> _Problem requirements_:
Please reproduce all of the data below exactly, leaving each picture out.

> _Dataset content_:
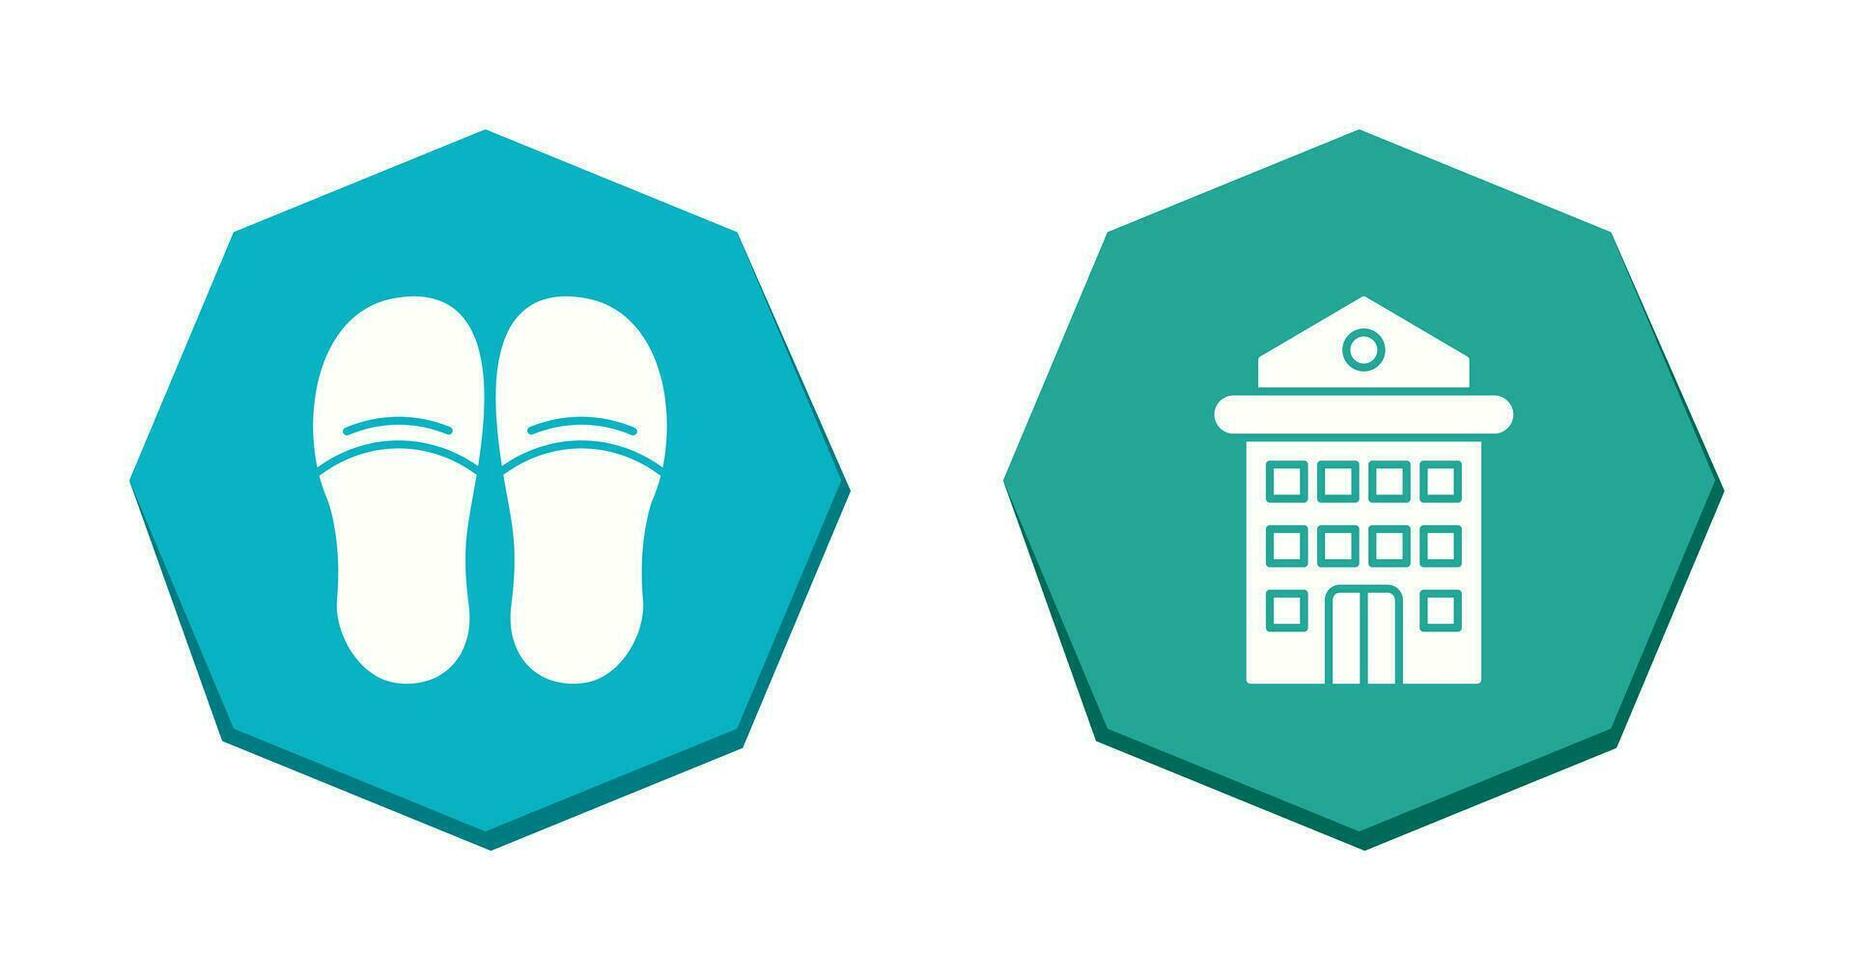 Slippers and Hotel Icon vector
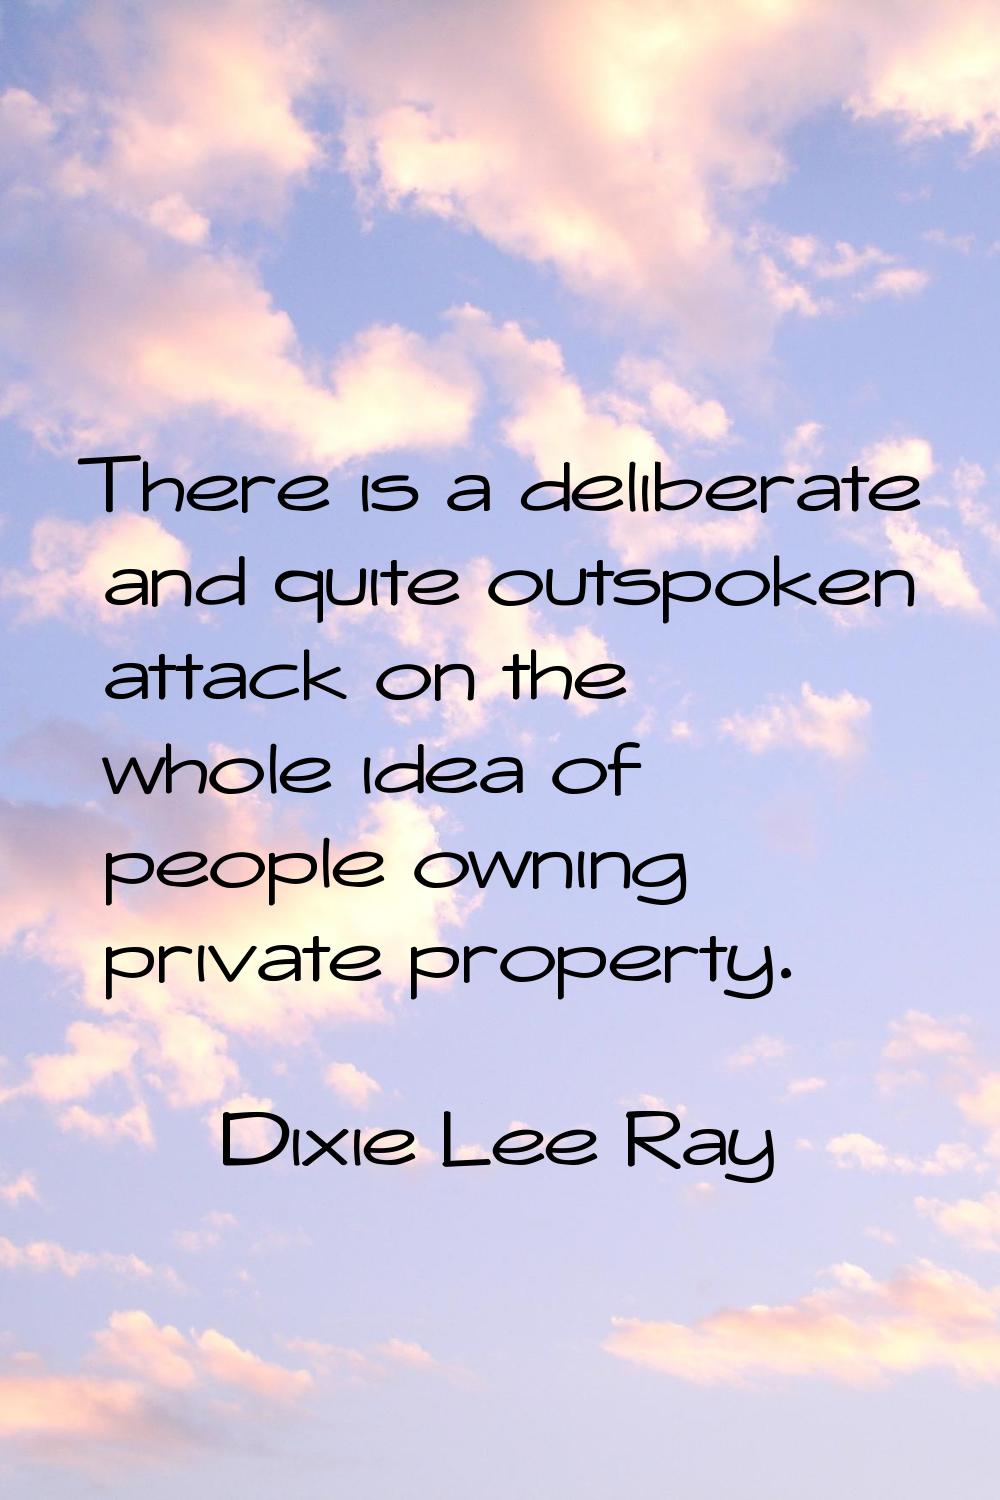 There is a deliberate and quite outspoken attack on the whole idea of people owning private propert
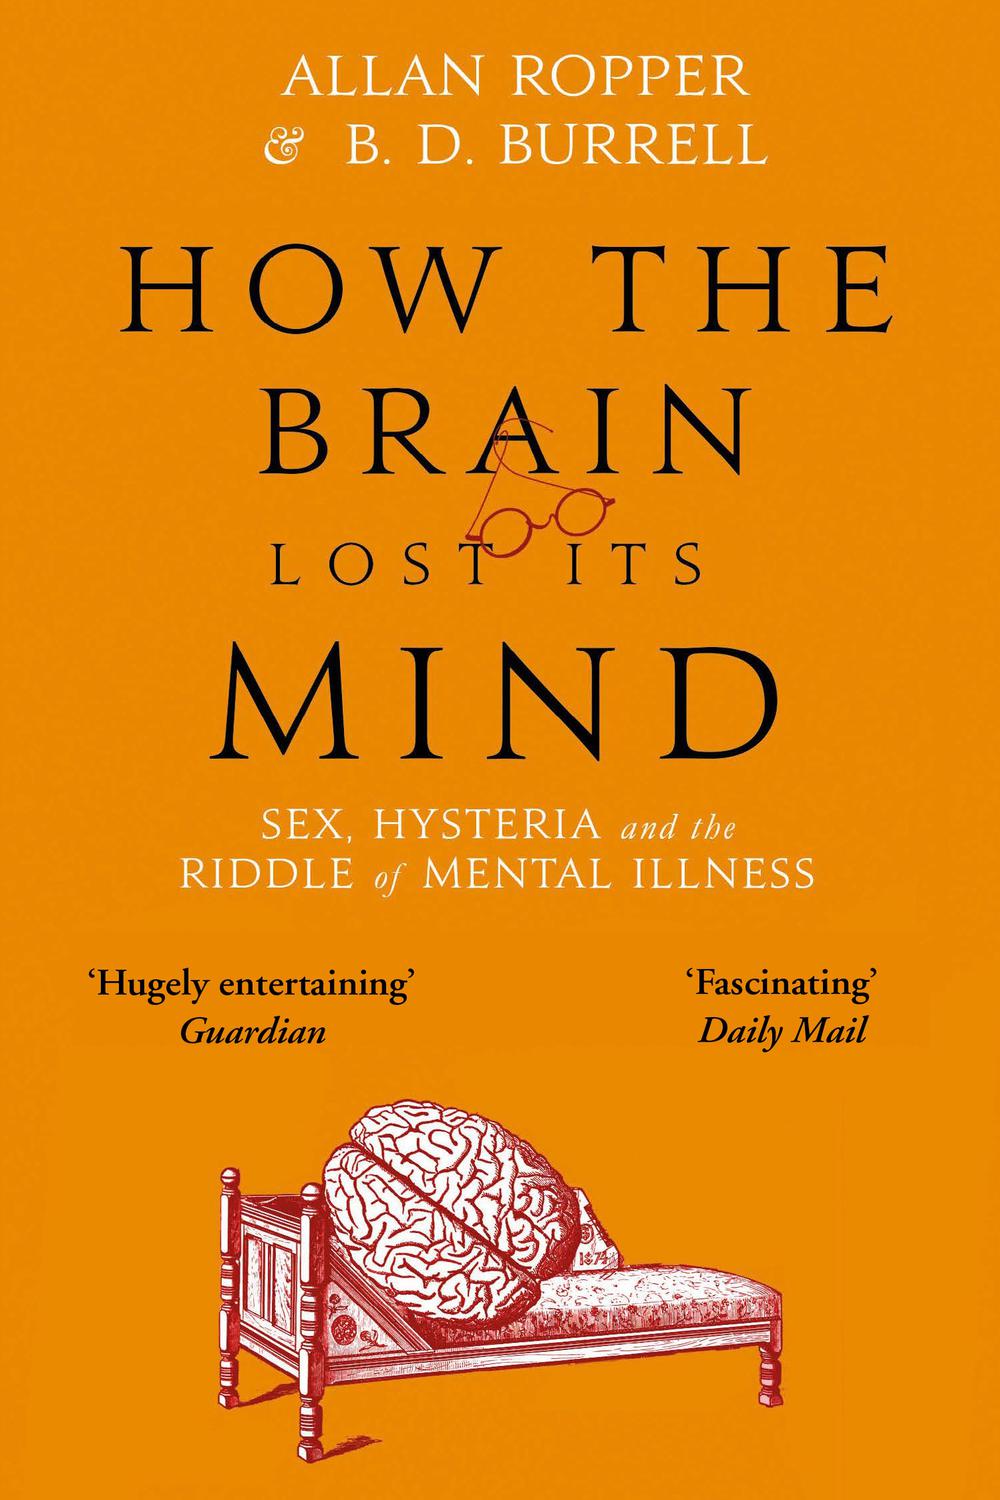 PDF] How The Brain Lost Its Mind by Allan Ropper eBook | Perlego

> _Answer space_:
 Slippers and Hotel Icon vector
 There is a deliberate and quite outspoken attack on the whole idea of people owning private propert
 PDF] How The Brain Lost Its Mind by Allan Ropper eBook | Perlego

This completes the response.